[EXERCISE DATA]
>>>>>

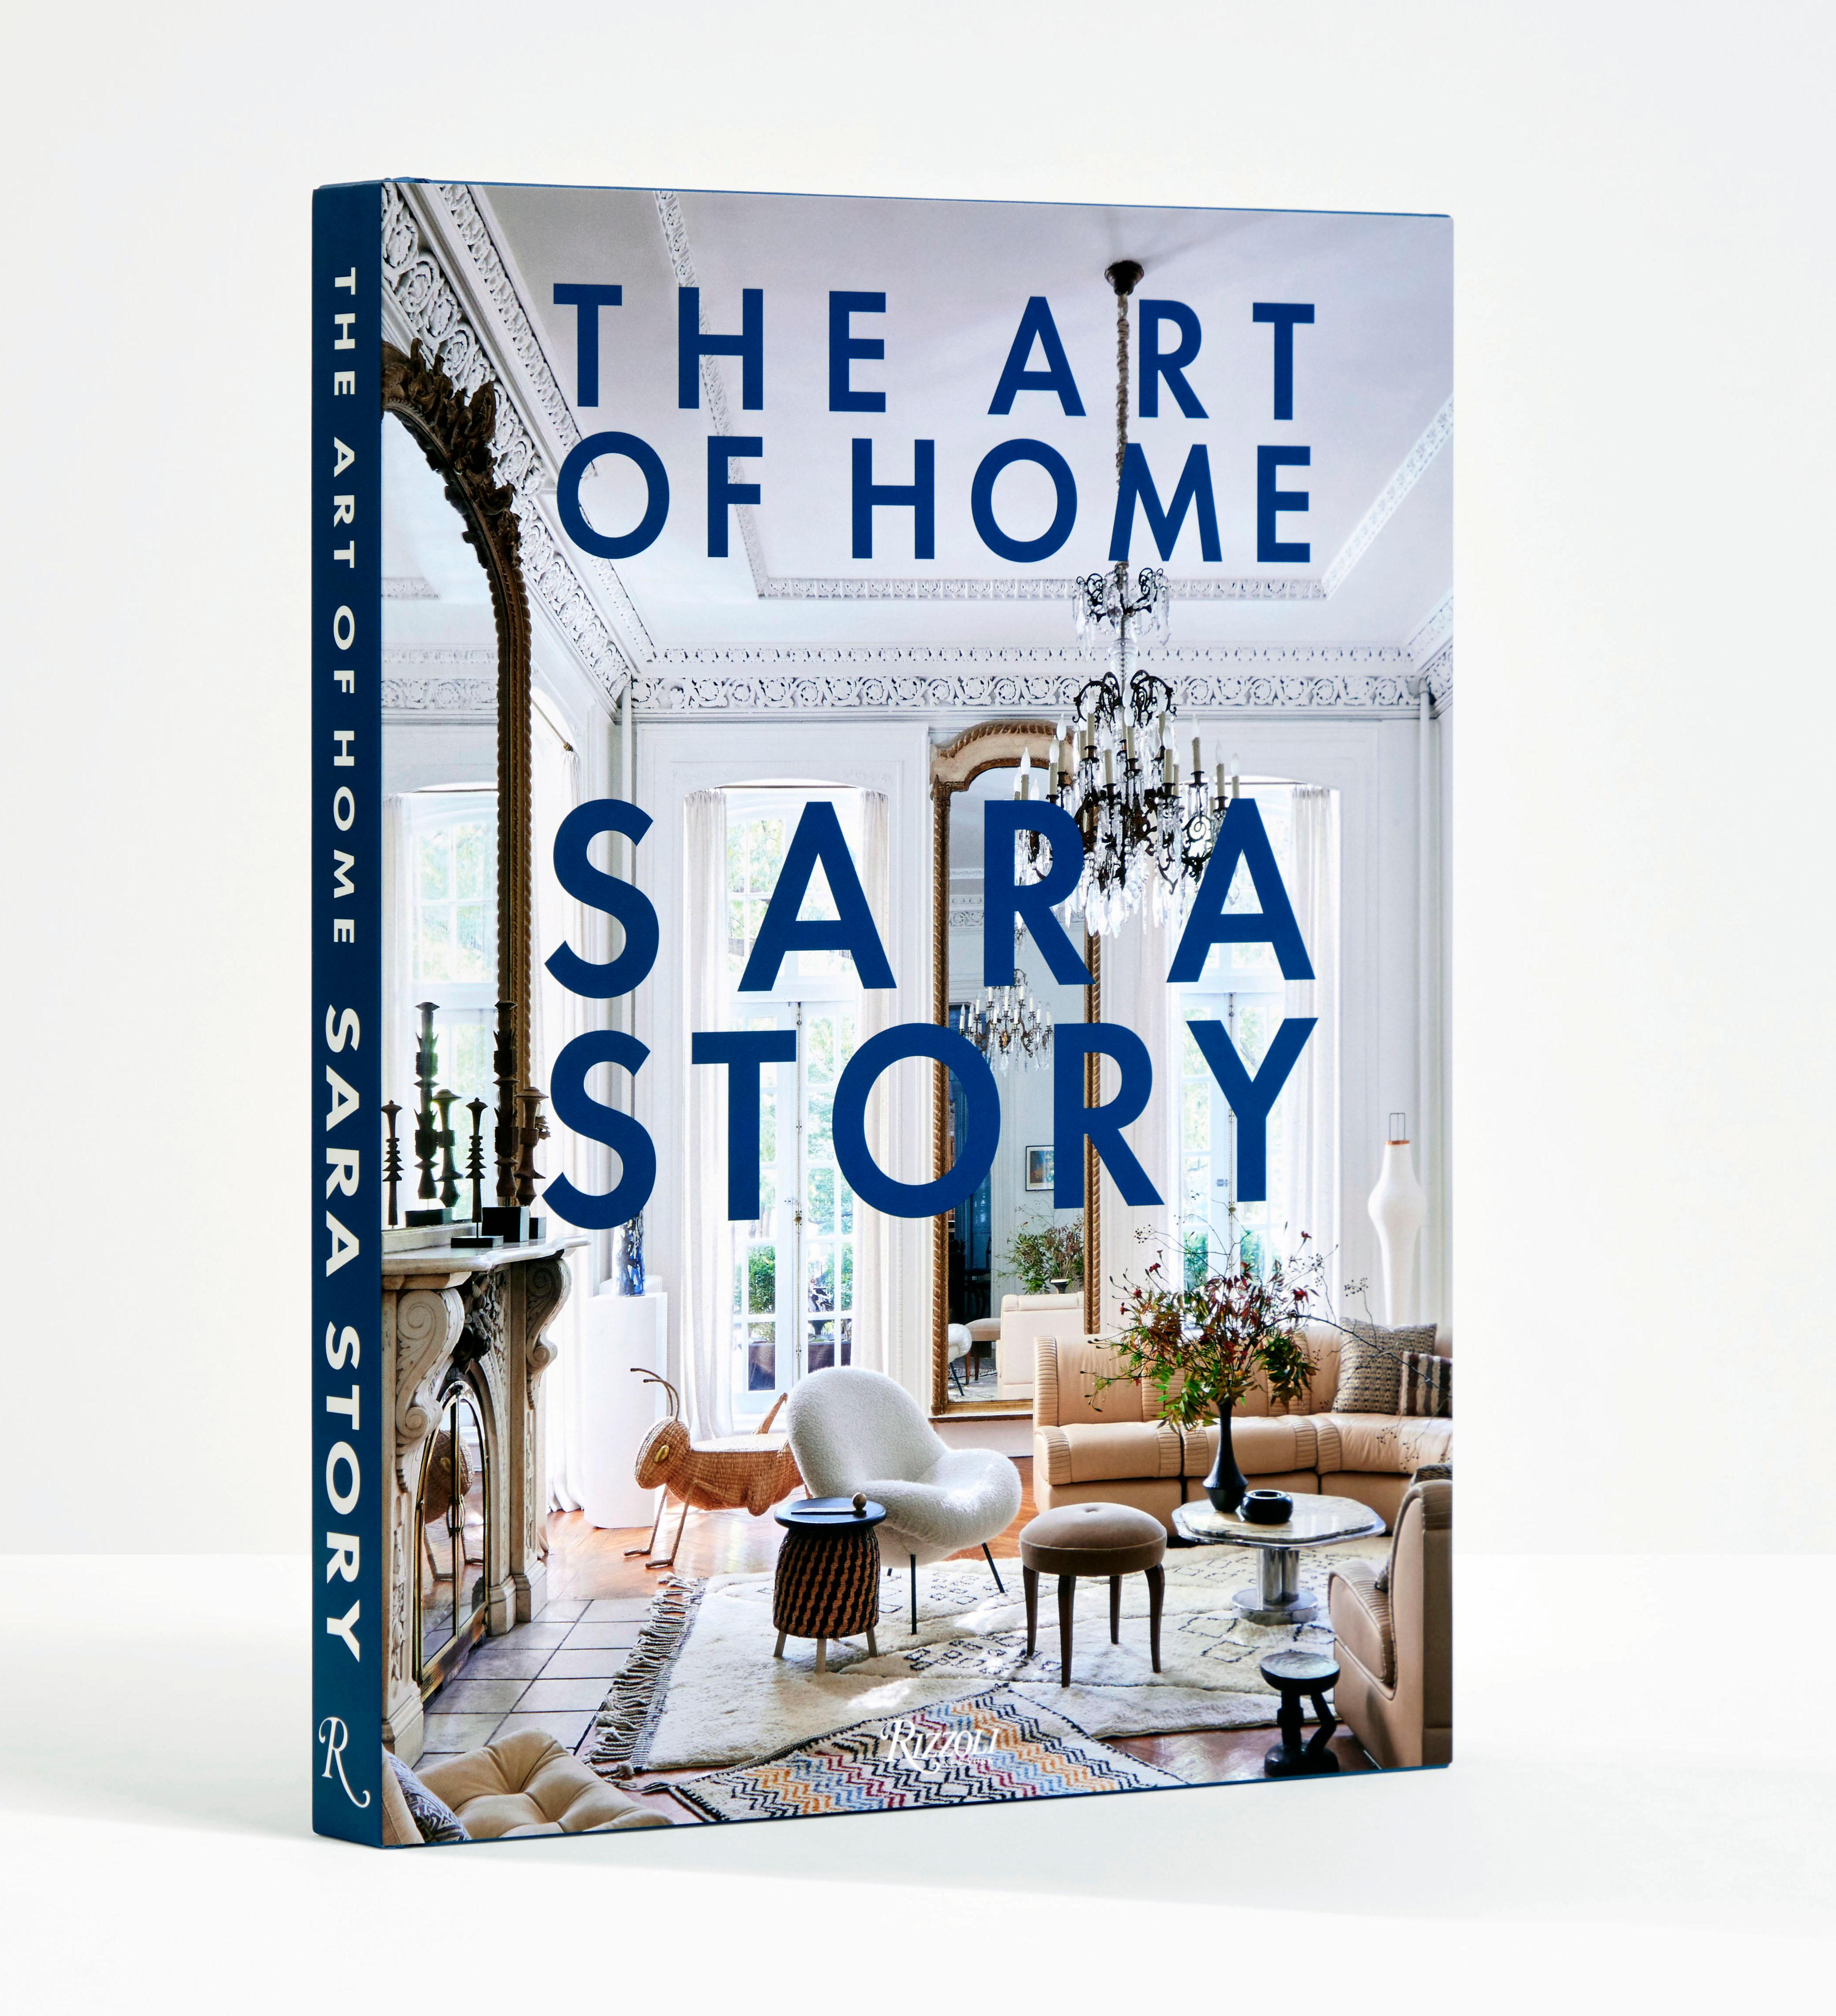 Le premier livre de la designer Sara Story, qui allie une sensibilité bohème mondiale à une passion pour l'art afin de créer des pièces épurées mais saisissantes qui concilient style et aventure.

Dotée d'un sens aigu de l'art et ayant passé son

<<<<<
>>>>>

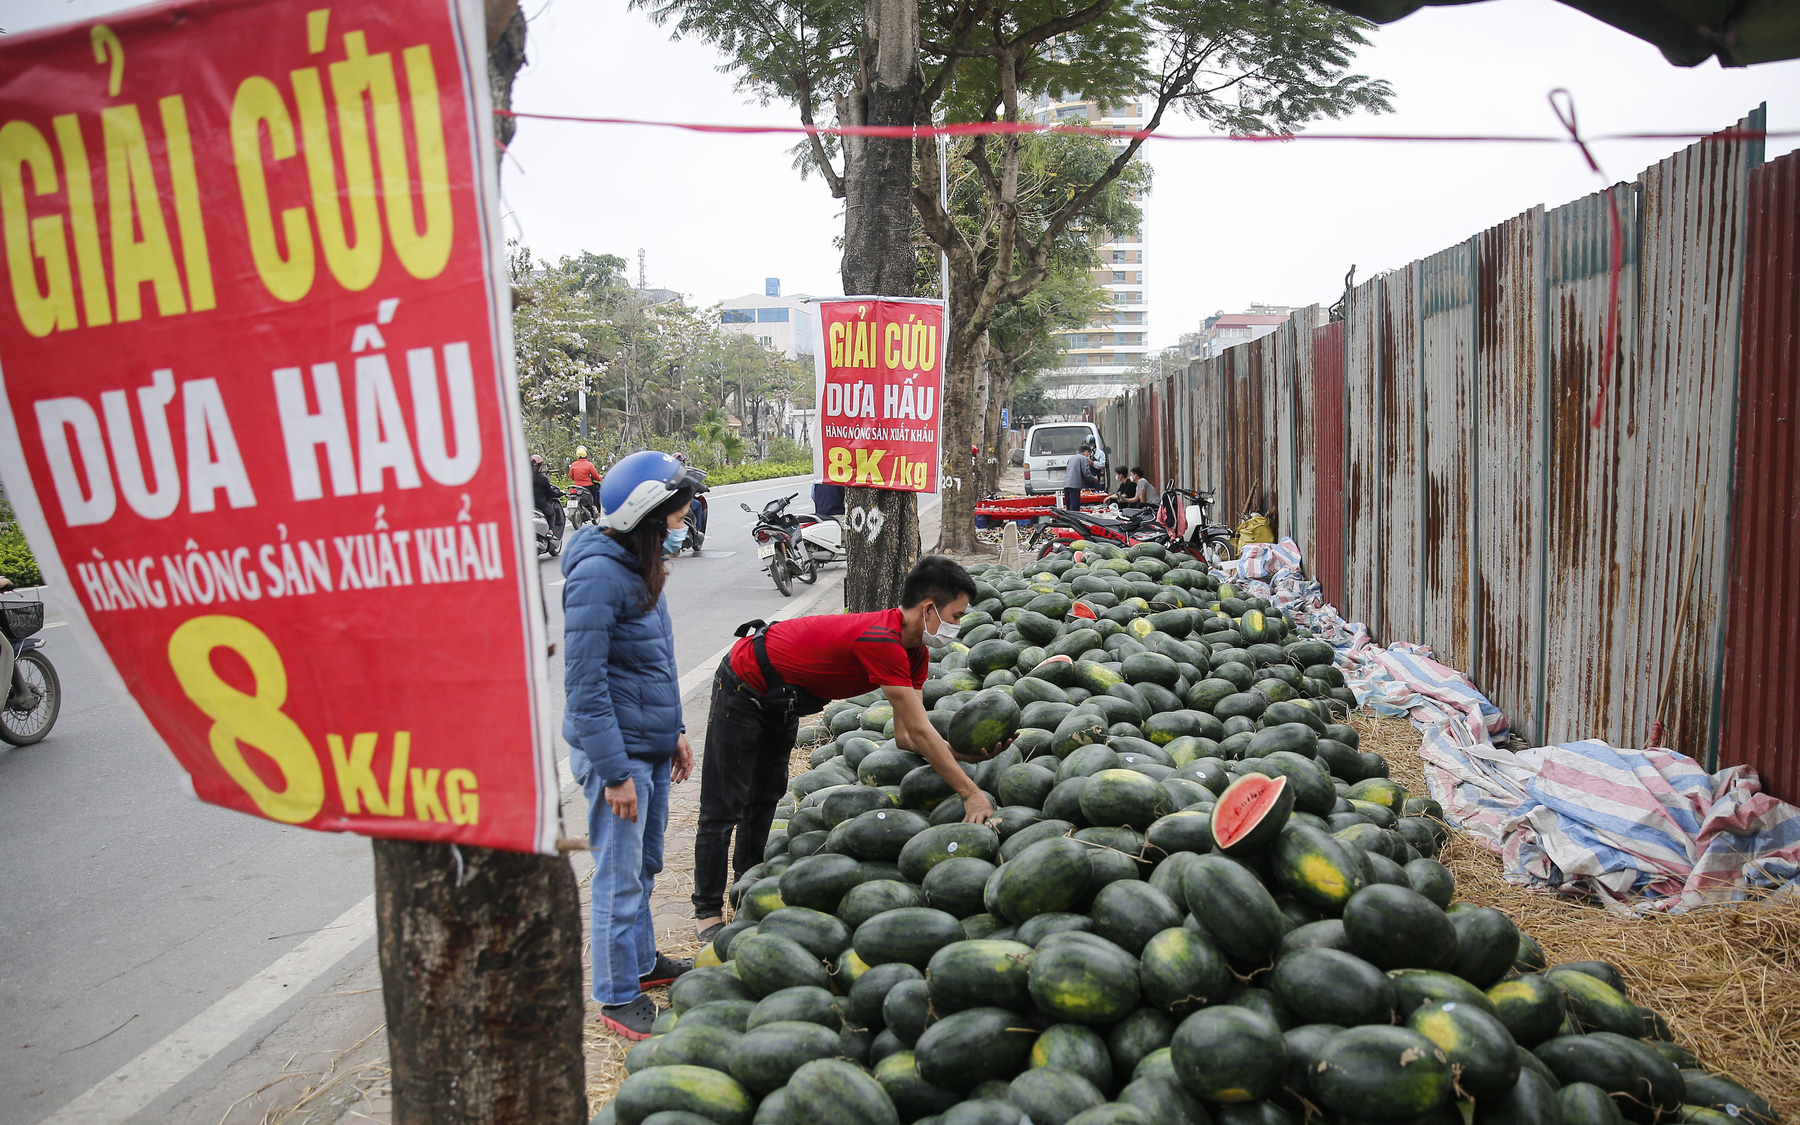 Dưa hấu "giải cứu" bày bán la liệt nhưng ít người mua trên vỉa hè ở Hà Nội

<<<<<
>>>>>

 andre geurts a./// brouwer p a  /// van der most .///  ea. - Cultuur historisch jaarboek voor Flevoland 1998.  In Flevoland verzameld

<<<<<

[WHAT THE TASK REQUIRES] Once the line with "Le premier livre" is found above, print it and every line after it through the line with "Dotée d'un sens", exactly. Pictures stay out.

[YOUR RESPONSE]
 Le premier livre de la designer Sara Story, qui allie une sensibilité bohème mondiale à une passion pour l'art afin de créer des pièces épurées mais saisissantes qui concilient style et aventure.

Dotée d'un sens aigu de l'art et ayant passé son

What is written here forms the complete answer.